Create Debian cleanup procedure and program(s) (cruft, deborphan...), now.

Create Debian backup procedure and program(s) (debian cleanup, cruft to
backup, dpkg --getselections > myselections, backup config files possibly
checking md5's which more than should be in every package), now.

Creating a version of Debian that binds a writeable filesystem onto a read
only filesystem (floppy writeable with a readonly CD). I would love to
have this to cary around and run Linux on any machine with a CDROM drive
that I could boot with. upx may be useful. A compressed filesystem for
writing may be useful. Support for umsdos, NFS, samba, and/or mounting
file systems, creating a file and mounting the file could be useful.
http://www.debian.org/CD/faq/index#live-cd is something I later found. I
would like to see more development, and official Debian development. Upon
further investigation bootcd seems to be a start, but how much of this can
it do? Maybe these features should be wishlist bugs, but the CD faq needs
to be updated, and I would still like to see an official CD image.

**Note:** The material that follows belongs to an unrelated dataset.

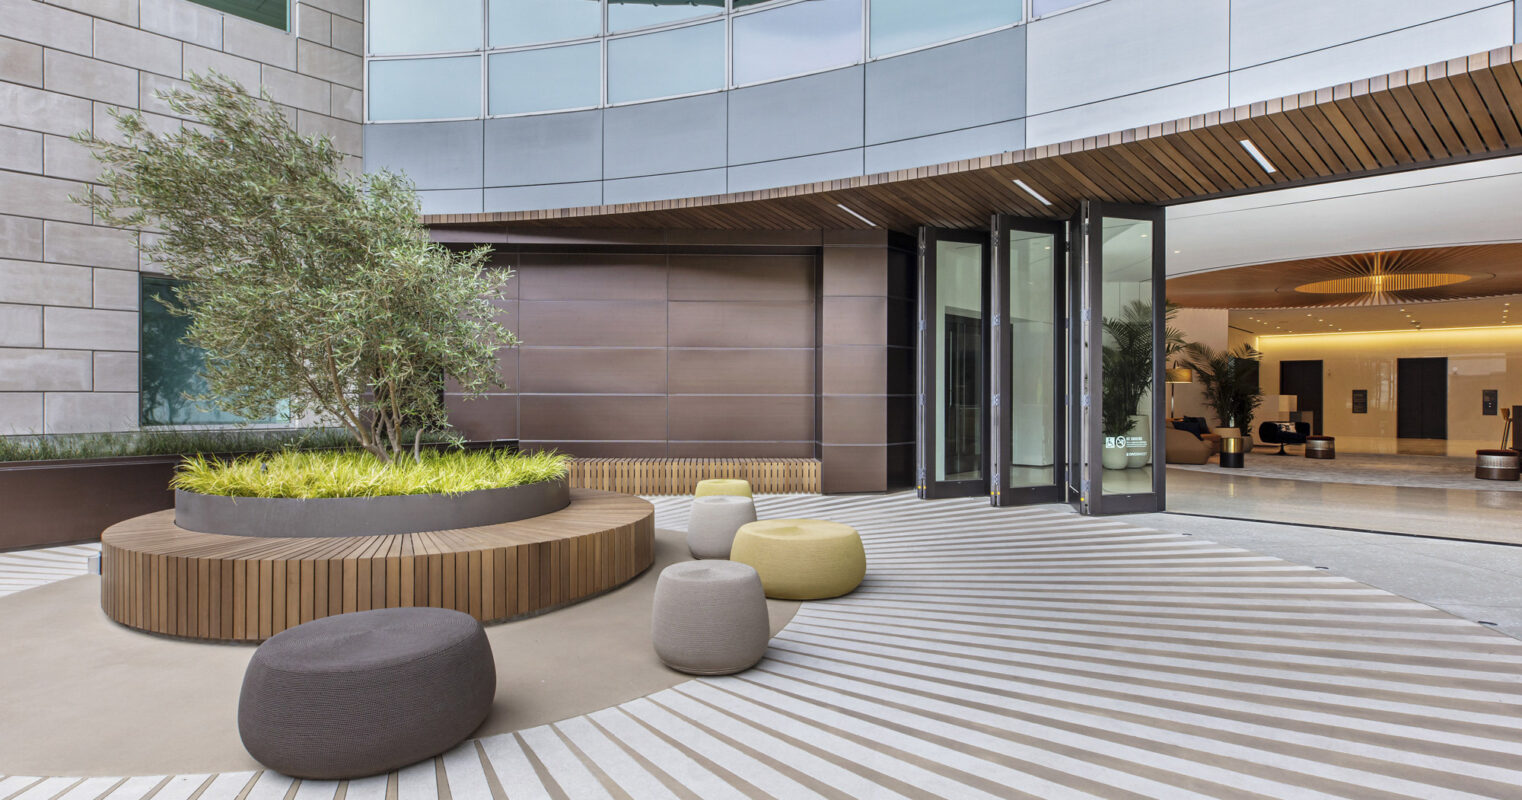 Modern office lobby with a minimalist design featuring a combination of natural and geometric elements. A central, circular wooden seating area incorporates greenery, surrounded by parallel stone tiles and contrasting soft, rounded poufs. Clean lines and a glass facade allow natural light to accentuate the space's textures and materials.

Should CD images be optimized for space? I saw an option to optimize CD
images for space in Roxio's Ez-cdcreator (formerly by Adaptec).


Security, Policy and other bug stuff:
Automated rough security audit of all source code (rats, splint & other
programs can be used, before, after, now).

Programs that use keyahead or mouseahead routines may be a security risk
or cause other undesirable results. One example is my apt-get using
readline has keyahead so if I accidentally hit enter, the enter is saved
until the next question and then inputted. Instead I'd prefer it be
disregarded so I can read the arbitrary (it's hard to predict the order)
question that appears next. Mouseahead can be very dangerous if the
program hasn't updated the interface, the user will likely have no idea
what they will have clicked on ("it didn't work. I'll click again. What? I
didn't select that second option."). Yes, these are probably wishlist
bugs, but they could be a normal bug as this can affect the desired
functionality of programs. These bugs may also to be tagged security in
some situations (the default password gets set by accident, etc). This may
tie into scanning code for security vulnerabilities. (With scanning before
and after, but this should be checked for now, especially where system
security can be involved).

'popularity-contest' and other methods can be very helpful in finding out
what users are interested in seeing being developed and maintained.
Perhaps this, archive (mirrors too?) statistics and other methods can be
used to create a priority list for the qa group. Perhaps a system should
be put in place to allow user input into package importance/maintenance
priority levels. Currently I would assume that a good system would be by
the subtype such as essential, optional...

Campaigning for signed debs to be a must (if not already). Signed debs
more than should be used (before, after, now).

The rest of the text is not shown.